While the political, business and legal aspects of the Trump administration’s decision to withdraw from the Iran nuclear deal are still rather unclear, one thing is certain: transatlantic relations will become more turbulent and multinational businesses – not only those with exposure to Iran – will be subject to an increasingly risky environment.

 

Anthony Gardner is a Senior Adviser at Brunswick Group and its Geopolitical offer, based across our London and Brussels offices. Anthony was previously the US Ambassador to the EU 2014-2017. These notes are his personal views.

William Medvei, a Brunswick Group Director in the London office and specialist on the oil & gas market, comments on the possible implications on the sector:

What do the sanctions on Iran mean for oil markets?

Much of the impact of sanctions on Iran had already been priced in to the oil market in the weeks running up to President Trump’s decision. Brent crude, the global benchmark, had risen over 10% in the month beforehand to reach $77/barrel the day after Trump formally announced he was abandoning the deal and re-imposing sanctions.

What happens next?

The first question to ask is what is the likely impact on oil prices in the long term. One of the key factors behind the strengthening oil price in the last six months has been the rapid loss of 0.5 million barrels a day of oil exports from Venezuela.

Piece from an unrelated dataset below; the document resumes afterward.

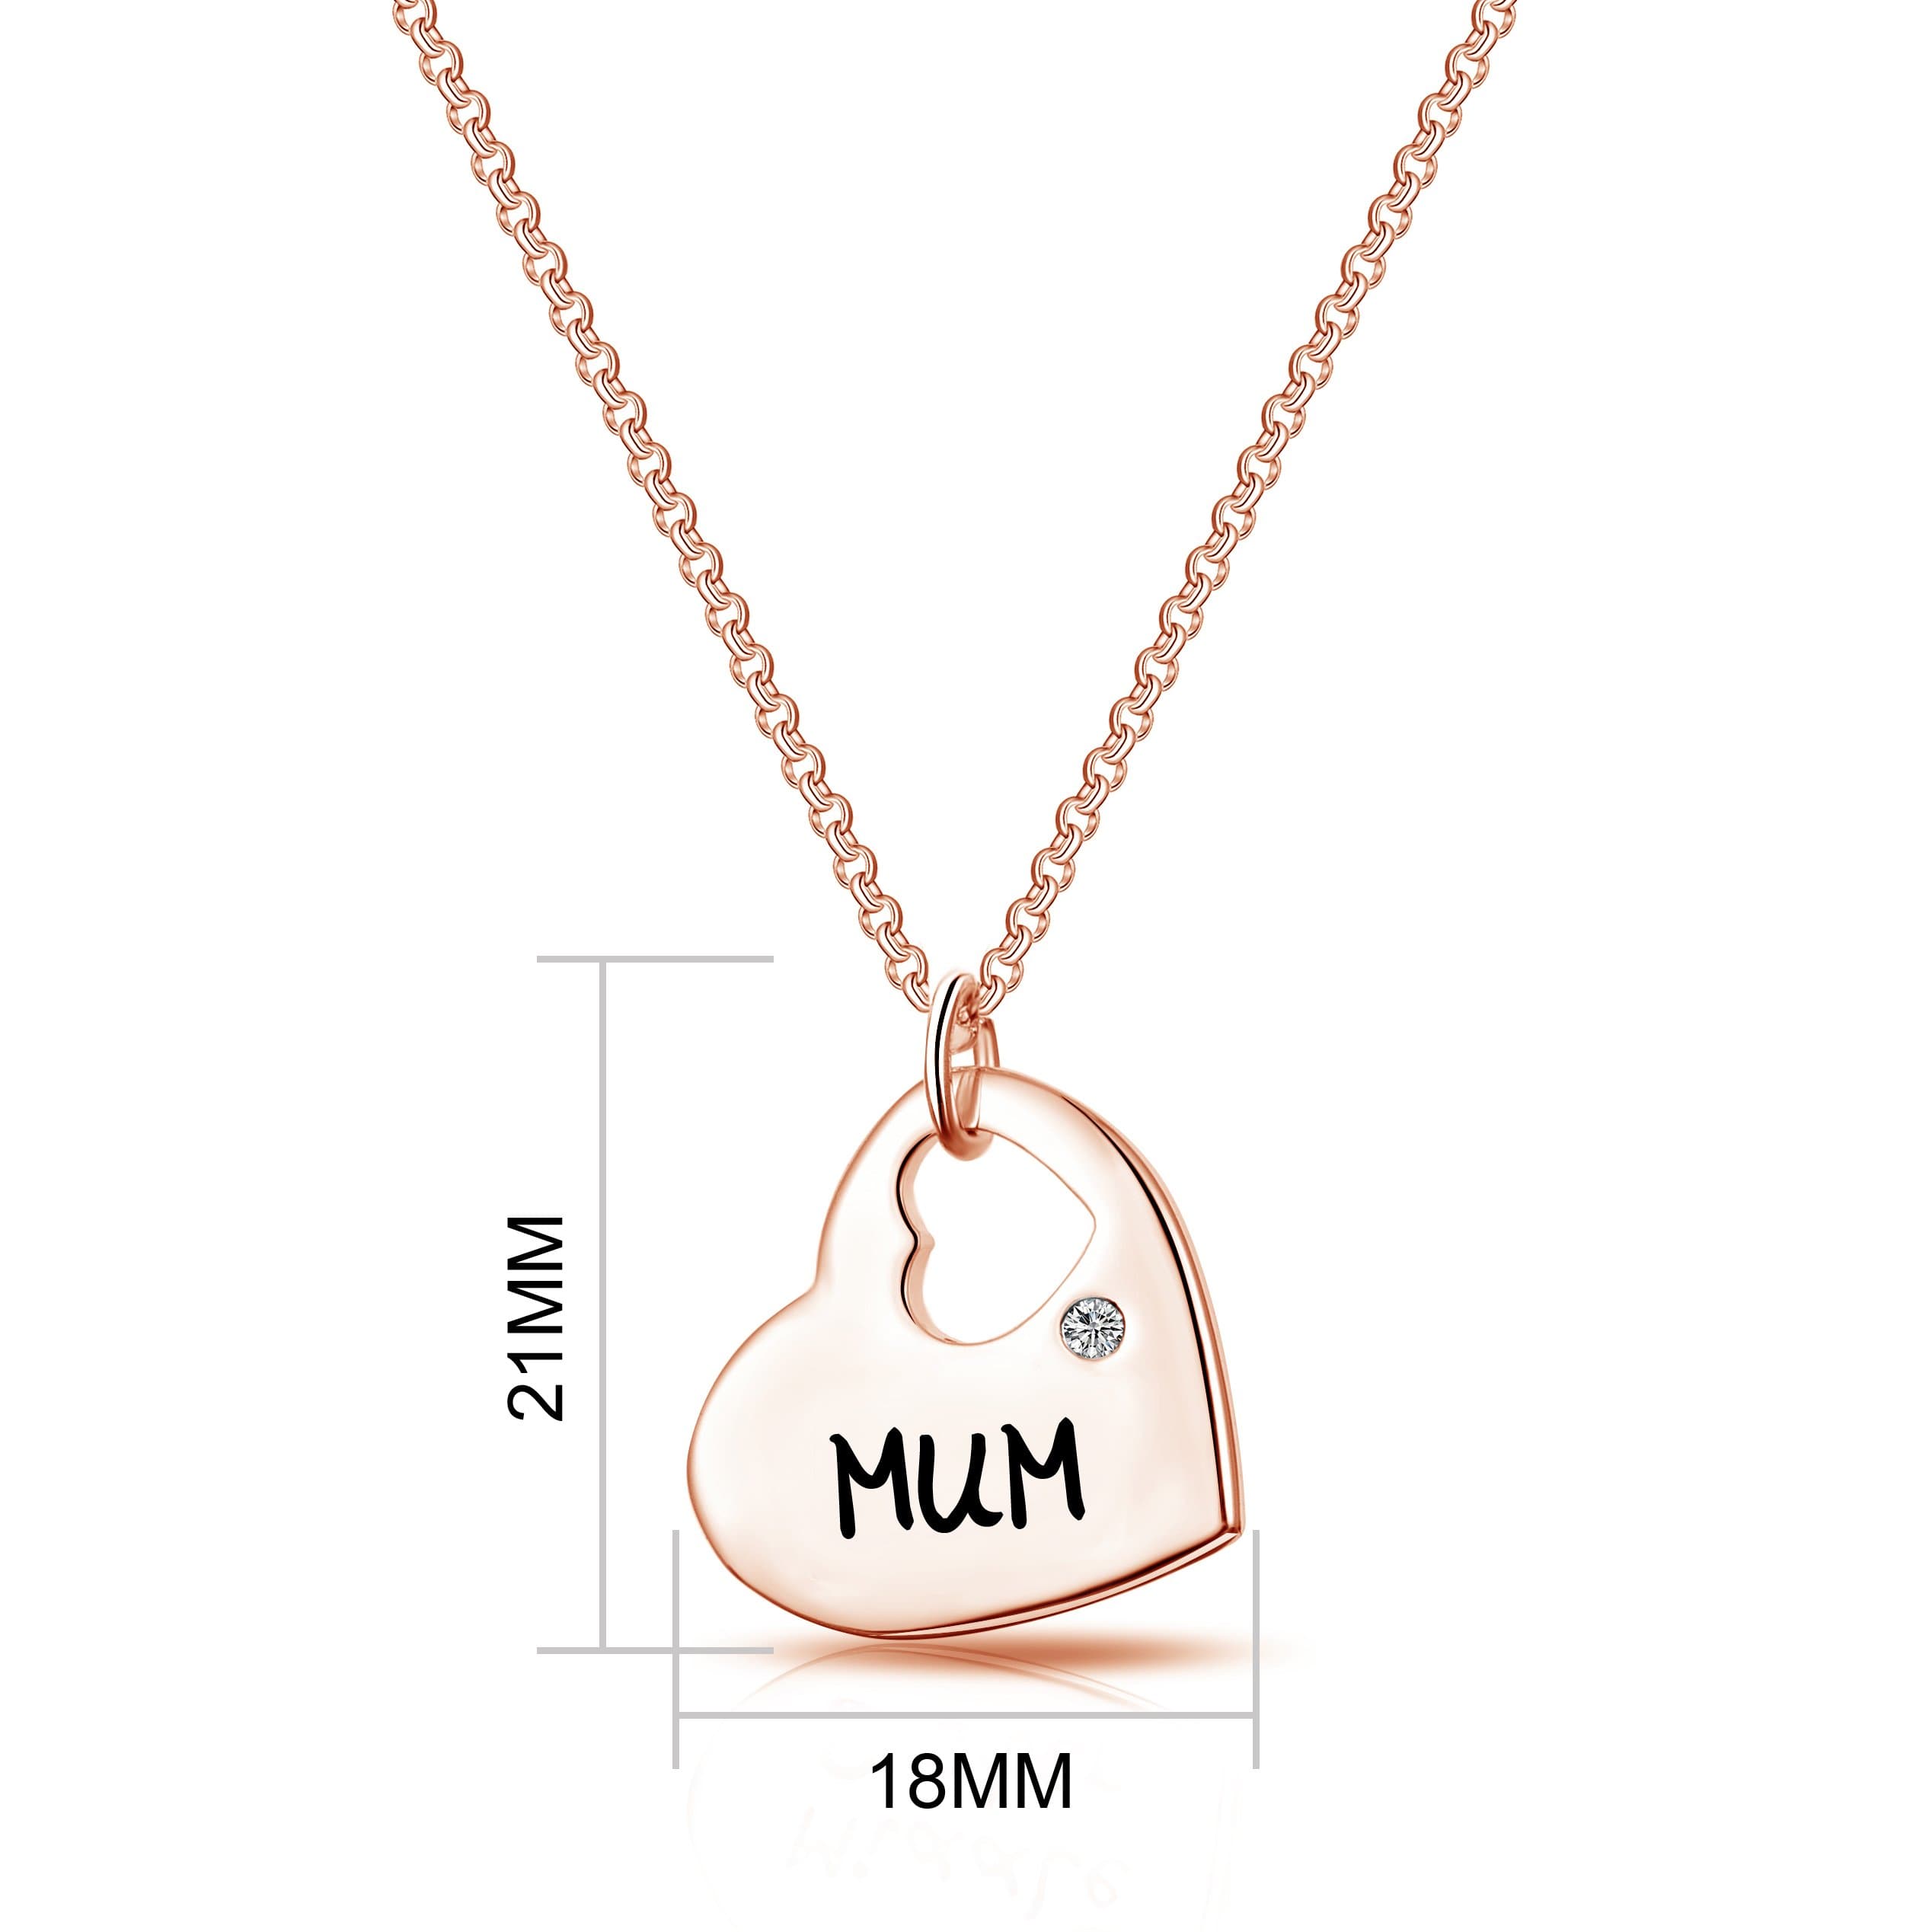 Rose Gold Plated Mum and Daughter Quote Heart Necklace Created with Zircondia® Crystals

With sanctions on Iran likely to reduce global supplies by a further 0.5 million barrels a day (even with China set to ignore the ban on importing Iranian crude) much will depend on the ability of shale producers in the USA and Saudi Arabia to respond by opening the taps. This will be crucial in order to meet global oil demand which, according to Wood Mackenzie, will hit over 100 million barrels a day later this year – without that supply response oil prices are likely to spike much higher.